Azure Storage services require similar normalization strategies. When working with blob names and container names, always normalize to NFC before creating or accessing storage entities.

const { BlobServiceClient } = require('@azure/storage-blob');
const unorm = require('unorm');

const blobServiceClient = BlobServiceClient.fromConnectionString(process.env.AZURE_STORAGE_CONNECTION_STRING);

async function createNormalizedContainer(containerName) {
    const normalizedName = unorm.nfc(containerName);
    return await blobServiceClient.createContainer(normalizedName);
}

async function getNormalizedBlob(containerName, blobName) {
    const containerClient = blobServiceClient.getContainerClient(unorm.nfc(containerName));
    const blobClient = containerClient.getBlobClient(unorm.nfc(blobName));
    return await blobClient.download();
}

For Azure API Management, implement normalization policies that ensure consistent character handling across all APIs.
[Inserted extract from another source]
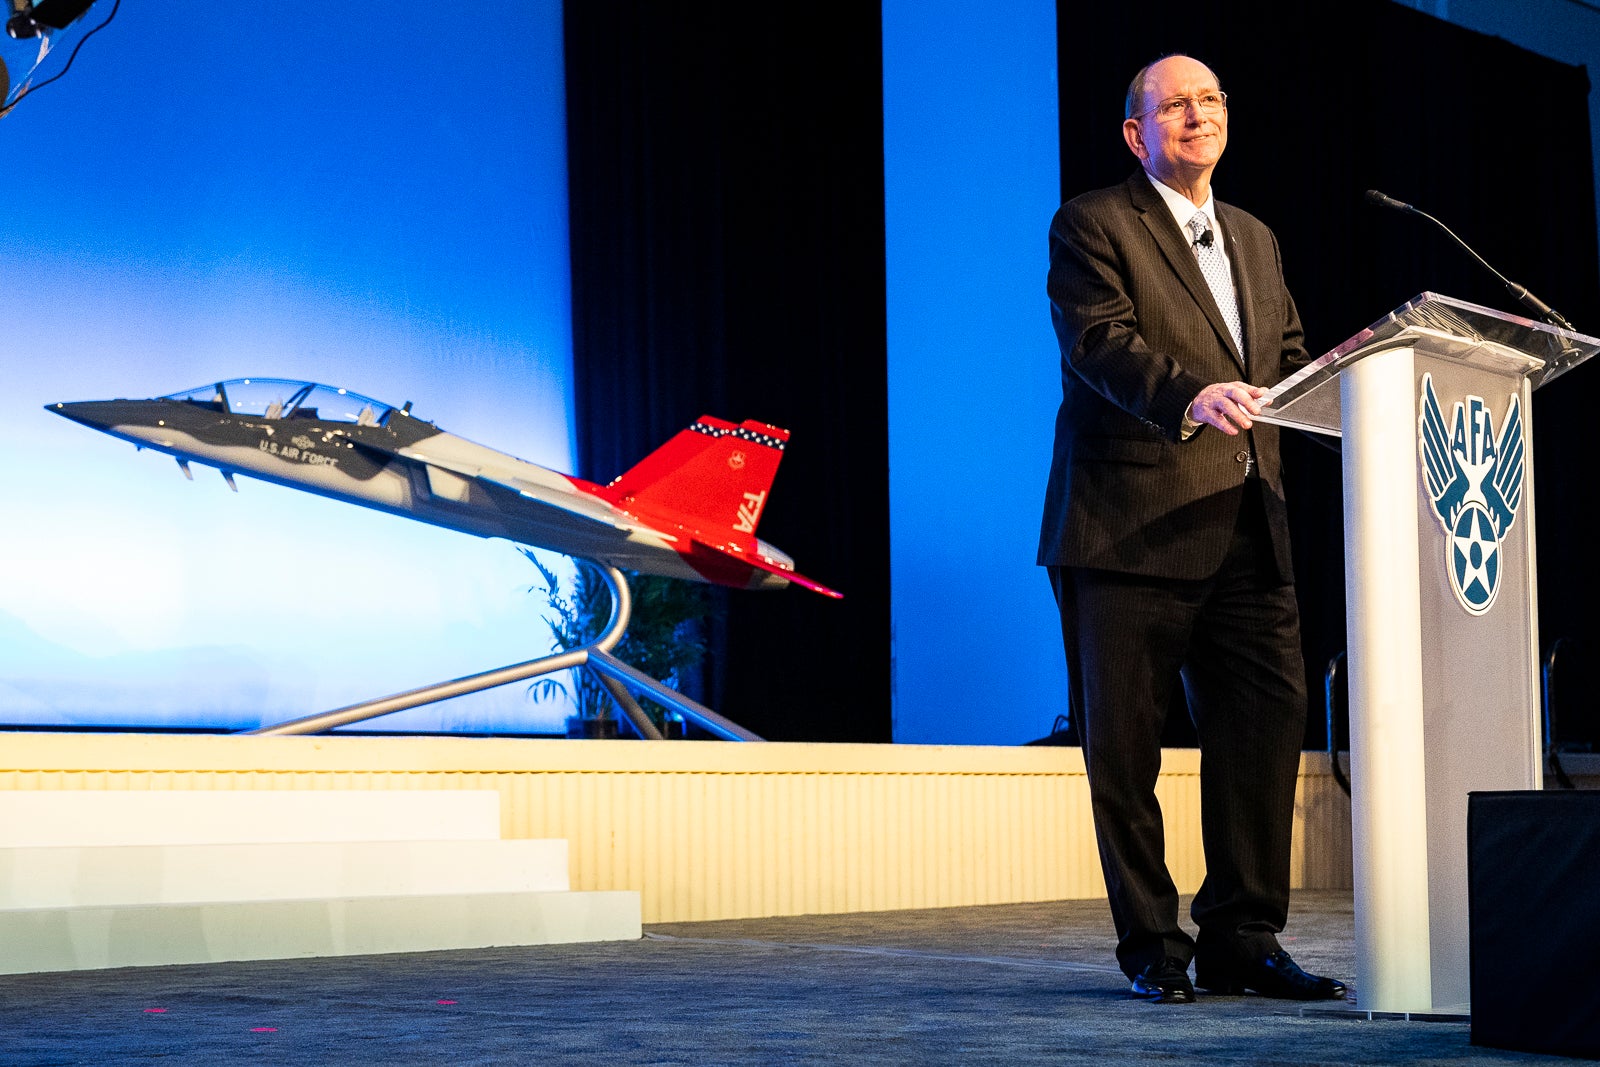 Acting Secretary of the Air Force Matthew P. Donovan reveals the name of the new Air Force trainer aircraft to be the T-7A Red Hawk during the Air Force Association Air, Space and Cyber Conference in National Harbor, Md., Sept. 16, 2019. From engaging speakers and panels focused on airpower, space, and cyber developments to the technology exposition featuring the latest technology, equipment, and solutions for tomorrow’s problems, the ASC has something for everyone. (U.S. Air Force photo by Tech. Sgt. D. Myles Cullen)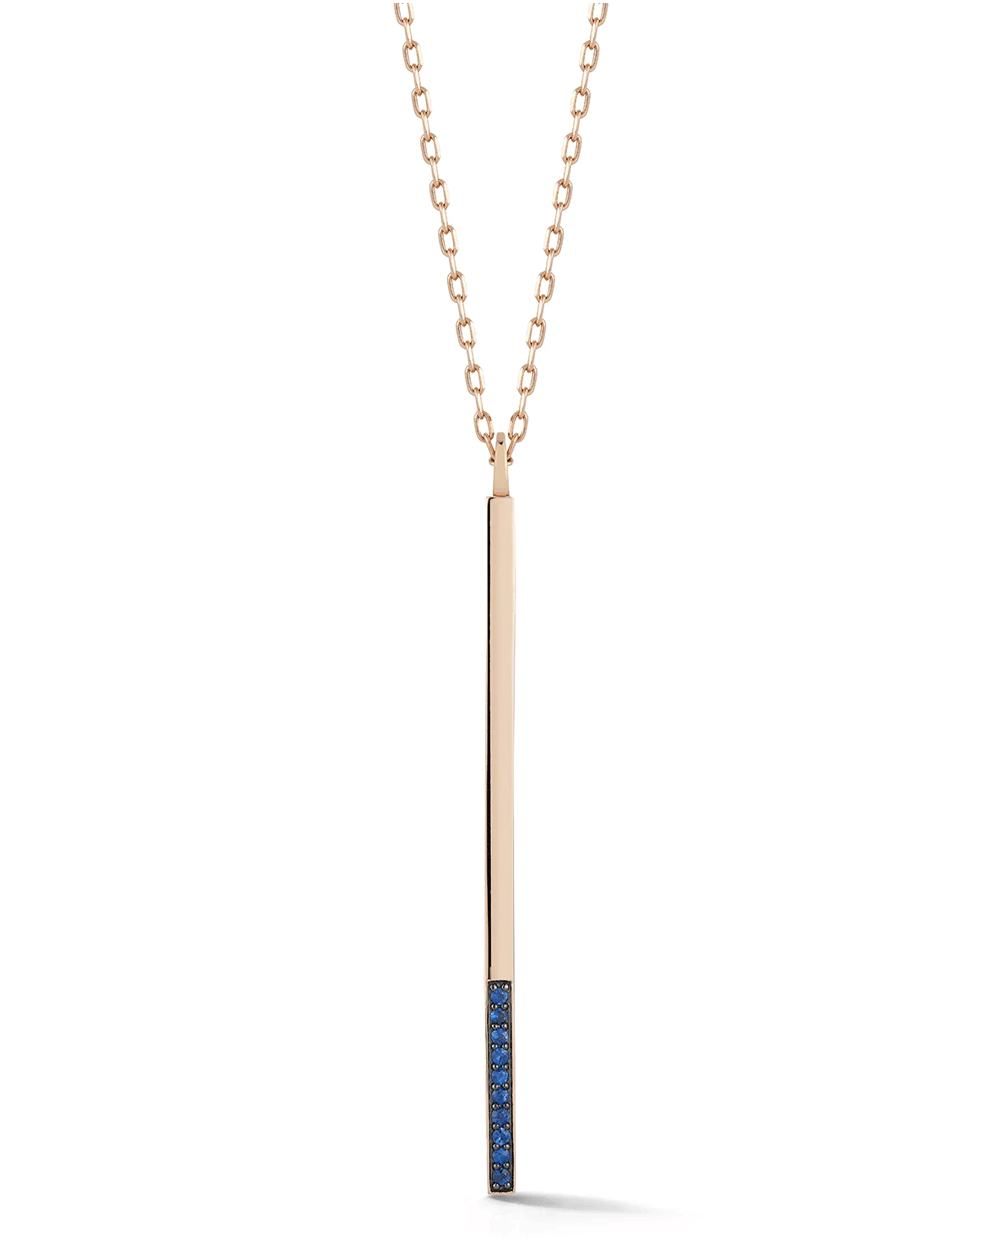 Grant 18k Rose Gold and Blue Sapphire Bar Charm

Use the <rewrite-uri> and <set-variable> policies to normalize query parameters and headers before they reach backend services.

Consider implementing a global normalization middleware for your Azure applications that automatically normalizes all string inputs and outputs. This ensures consistent behavior across your entire Azure ecosystem, regardless of the specific service or programming language used.